Rev Lucy Winkett - 14/08/2024
Thought for the Day
A report was published this week after the sentencing of Valdo Calocane who killed Grace O’ Malley Kumar, Barnaby Webber and Ian Coates in June last year. Their families’ grief is unimaginable, overwhelming, never-ending. The more so as the report identifies a series of ‘errors, omissions and misjudgements’, leading to the conclusion for many that this crime could have been prevented. Such a longer term review takes its place within a deeper conversation our society must continue to have beneath the immediate debates over political policy and health service funding choices.

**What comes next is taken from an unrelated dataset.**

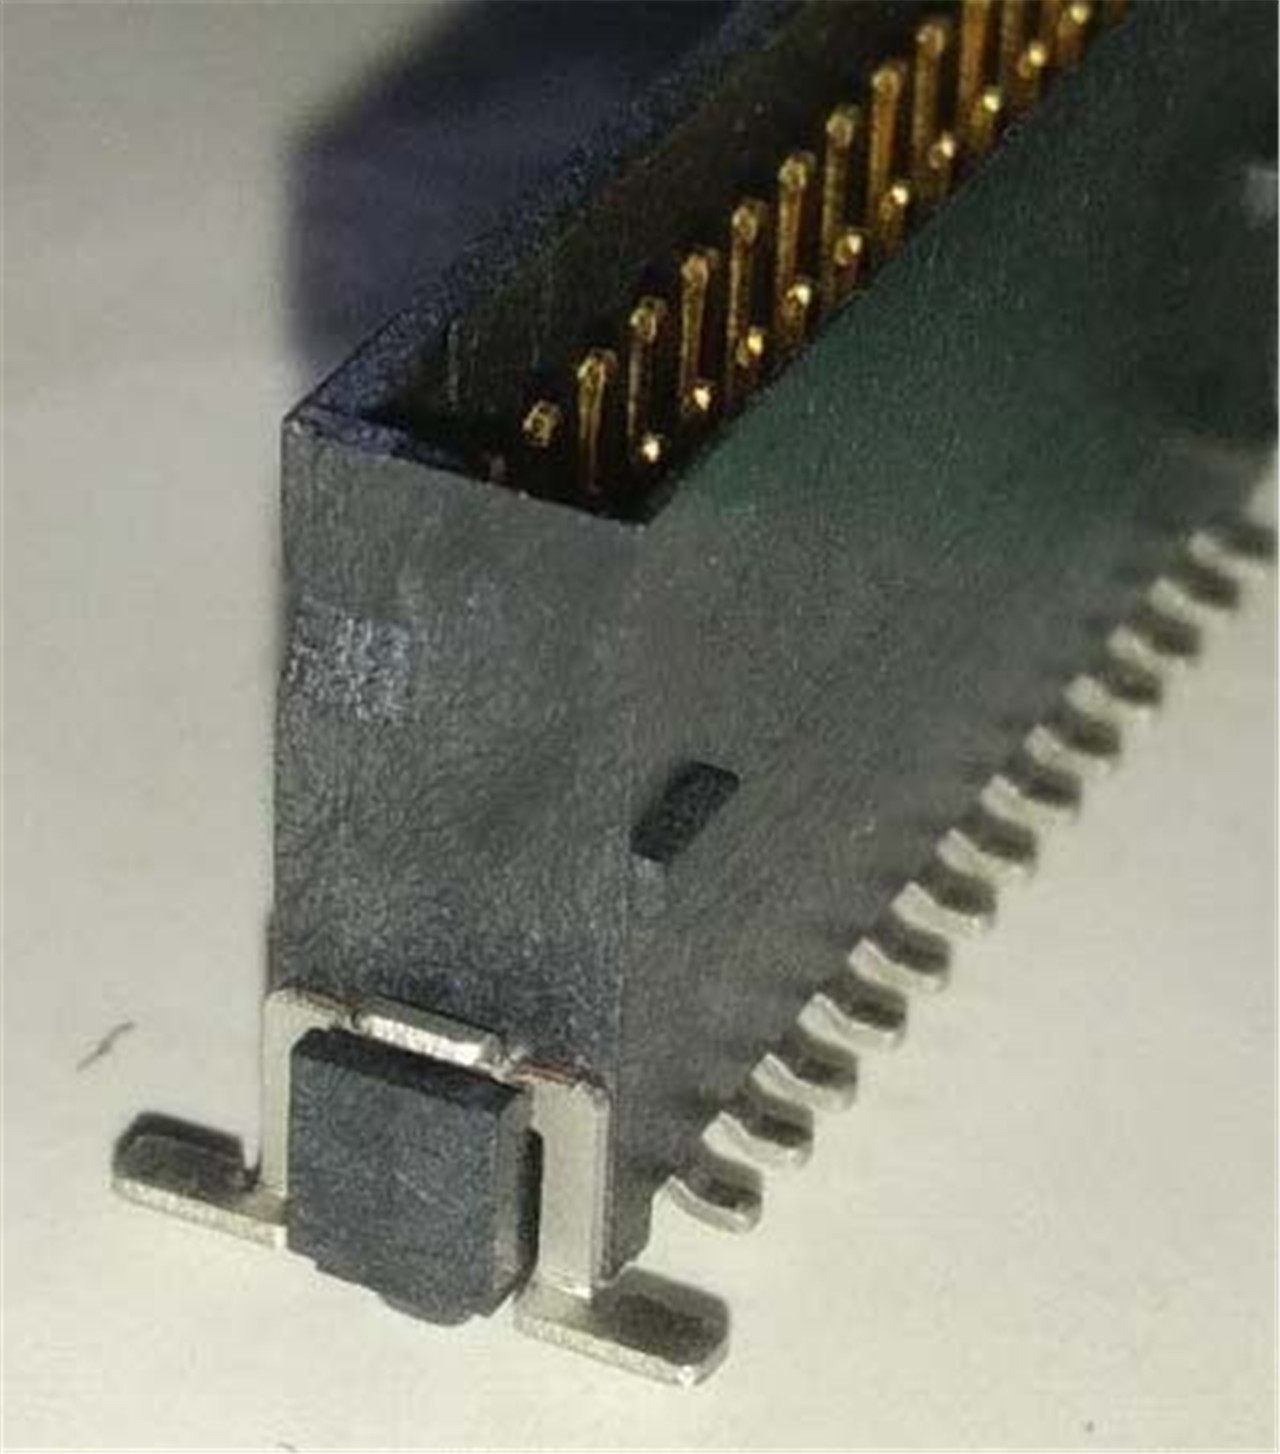 CONECTOR SMC DE 1,27 mm (5)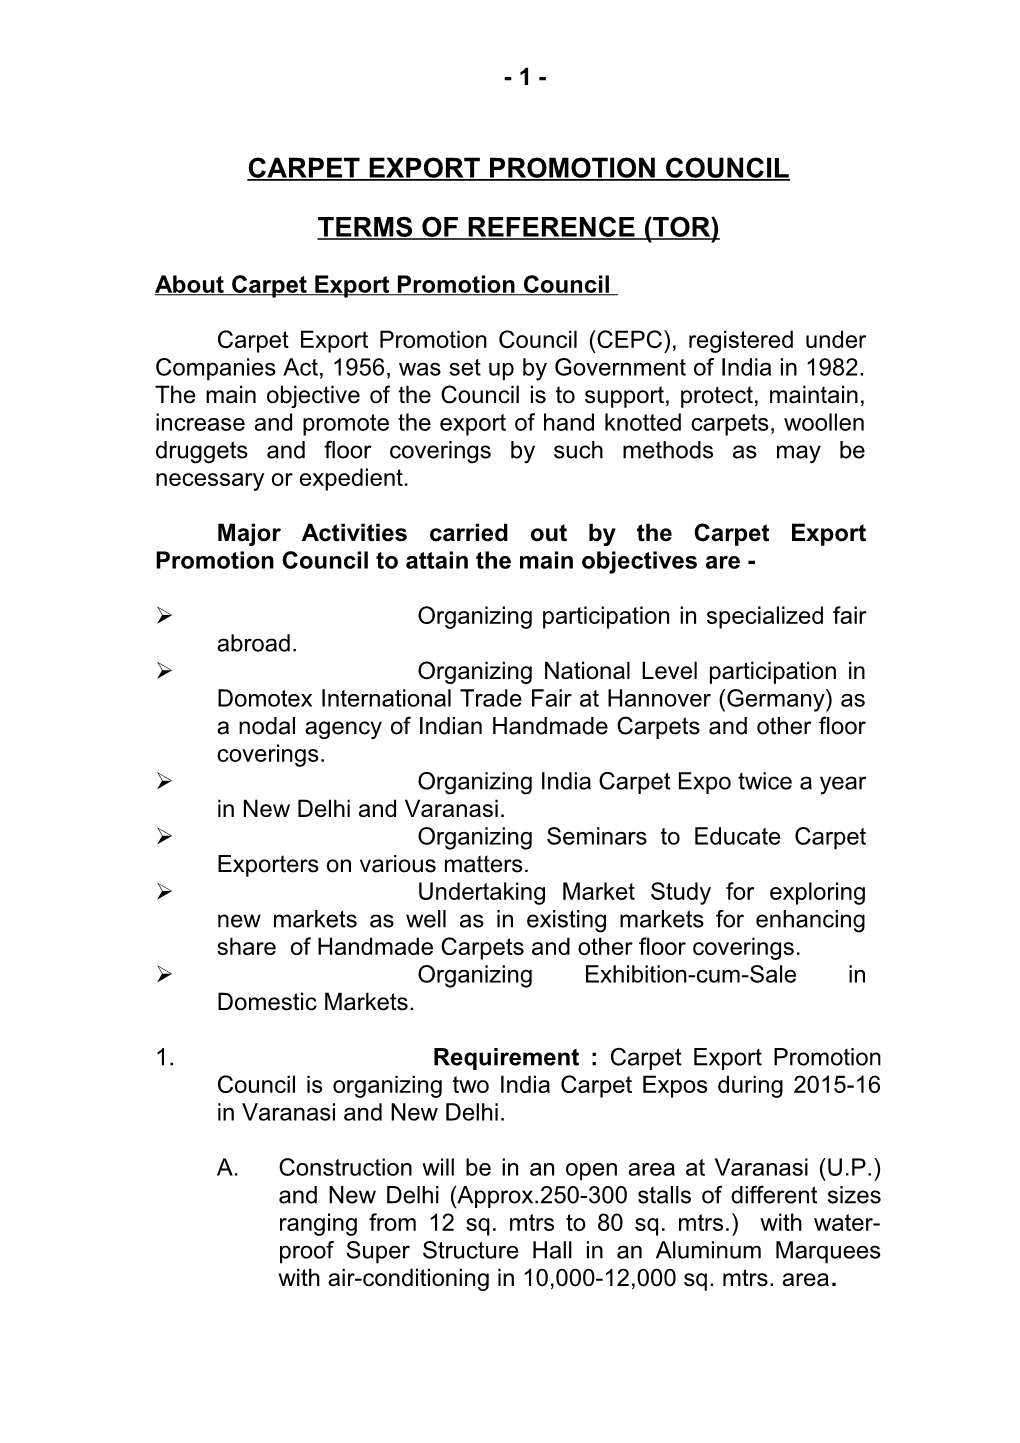 Carpet Export Promotion Council

Because just as influential on our common life as legal, economic, political arrangements are the underlying cultural mechanisms of belief, shame, stigma, and hope: the decisions that must be taken to protect individual agency and freedom alongside consideration of what’s in the best interests of the whole.
These aren’t purely philosophical or spiritual questions: they’re practical. Questions that demand us to exercise judgements - between respect for the agency of the individual, (emphasising responsibility as well as rights), and balancing this with the removal of that agency for various reasons: including when a person cannot, will not, make decisions for themselves to take medication that will keep them and others safe.
There’s not always time for these slower-moving reflections in the day-to-day speed of events.
In the case of the recent riots, it wasn’t just a ‘hot take’, as social media has it, that caused problems but wilful misinformation about who had perpetrated that terrible crime that had real life consequences for thousands of people. And in that immediate context, my rejection of Christian imagery being used in the rioting, for example, doesn’t prevent me wanting to understand in longer time the underlying reasons for frustration and anger, even while at the same time working hard at my church, to support people seeking asylum from other countries today.
Christian spiritual practice insists on holding every-day reality within the divine presence that eternally fills the universe with both dynamic love and seismic grief. And this spiritual practice prevents human identity in society becoming fixed or brittle or incapable of change. For any adult making our way through the world, life is complex and we move between, for example, ‘perpetrator’ and ‘victim’ throughout our lives in more ways than we know.
Perhaps one insight from Christian practice that we can carry into the longer term debates over the sort of society we want to build, is that very rarely are we only victim, only perpetrator. Very rarely are we only one or the other. More often than not in fact - we are both.